The Republic of Ireland, led by former Northern Ireland skipper Martin O'Neill, will also be in France at the Euro finals. The former chair of the Justice Committee says he hopes they have a strong showing at the tournament.

"I can remember the Republic of Ireland beating Italy in the World Cup and cheering their winning goal when it was scored by Ray Houghton," he recalled inside his office in the Lighthouse Building in Belfast.

"Obviously people are going to be very supportive of the Republic of Ireland and I want them to do well, though not as well as Northern Ireland from a sporting rivalry point of view.

"There's no doubt people from Northern Ireland are going to be supporting the Republic of Ireland, there's a history there and that's something that should be welcomed.
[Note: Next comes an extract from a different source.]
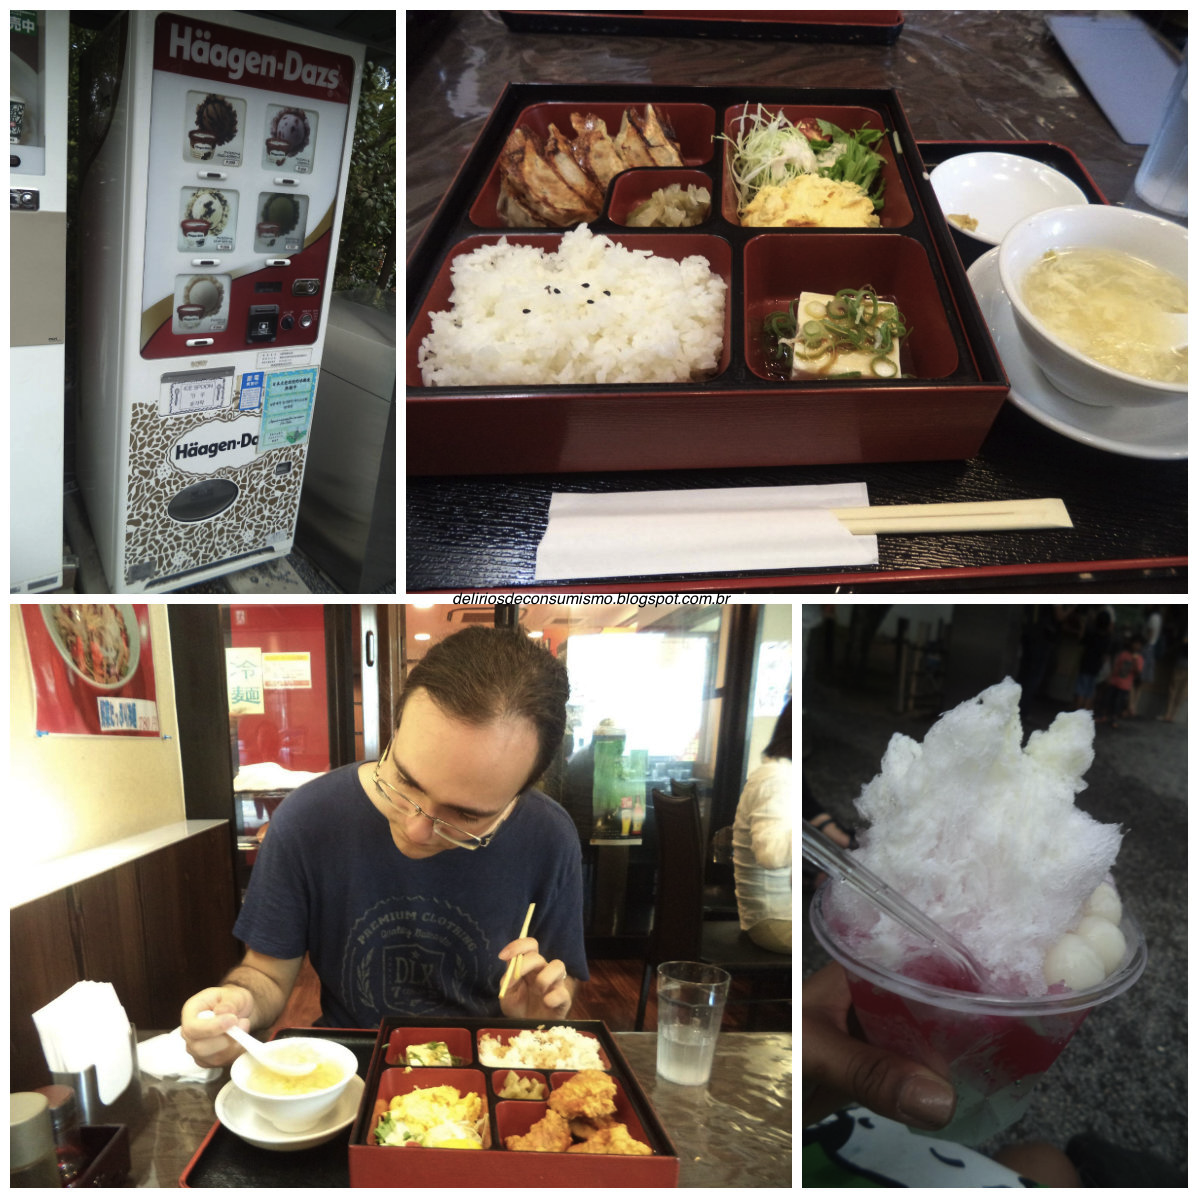 Kyoto, Quioto, Japão, Japão, trip, travel, food, raspadinha, kakigouri, bentô, karaage, gyoza, sorvete, icecream, Haagen-Dazs

I have no difficulty in people supporting the Republic of Ireland.

"Having Michael O'Neill to take us, and Martin O'Neill as the Republic manager, it just demonstrates the talent that we have in terms of producing sporting heroes, and that's just in football. When you consider the people we have in sport, Northern Ireland punches well above its weight for the size of the population we have. You think of Rory McIlroy, Graeme McDowell, Darren Clarke in golf and Carl Frampton in boxing and then other sporting successes that we've had.

"Northern Ireland has a great sporting heritage and we have great sporting people who have put us on the map on a global stage."

Growing up, the Lisburn native loved playing football in the streets with his brothers Mark and Phillip - he also has two sisters, Ruth and Jessica - and was a midfielder in his school team at Laurelhill and continues to play with friends to this day.

He says that one of the things he enjoys about sport is its ability to bring different communities together and adds that he is committed to a vision moving forward.

"In terms of participation, I see the value of people who are engaged in sport," said Givan who took part in a fun sports quiz during the interview.

"I see how sport can unite and bring people together in our community in a way that sometimes can be challenging in other areas and whenever you talk about a shared future, you look at sport and the people that are involved in sport and its cross-community activities.

"I very much want to see sport as a key part of what we're doing in Northern Ireland, so I'll be a champion for sport whether the benefits come to tourism or health. Sport cannot be seen as a single area you're involved in, it's much broader than that and so I want to see sport integrated across a whole range of areas we're involved in.

"You're the first interview I've carried out as Minister of Communities as I see sport being a key part of the department because of the benefits it brings to Northern Ireland."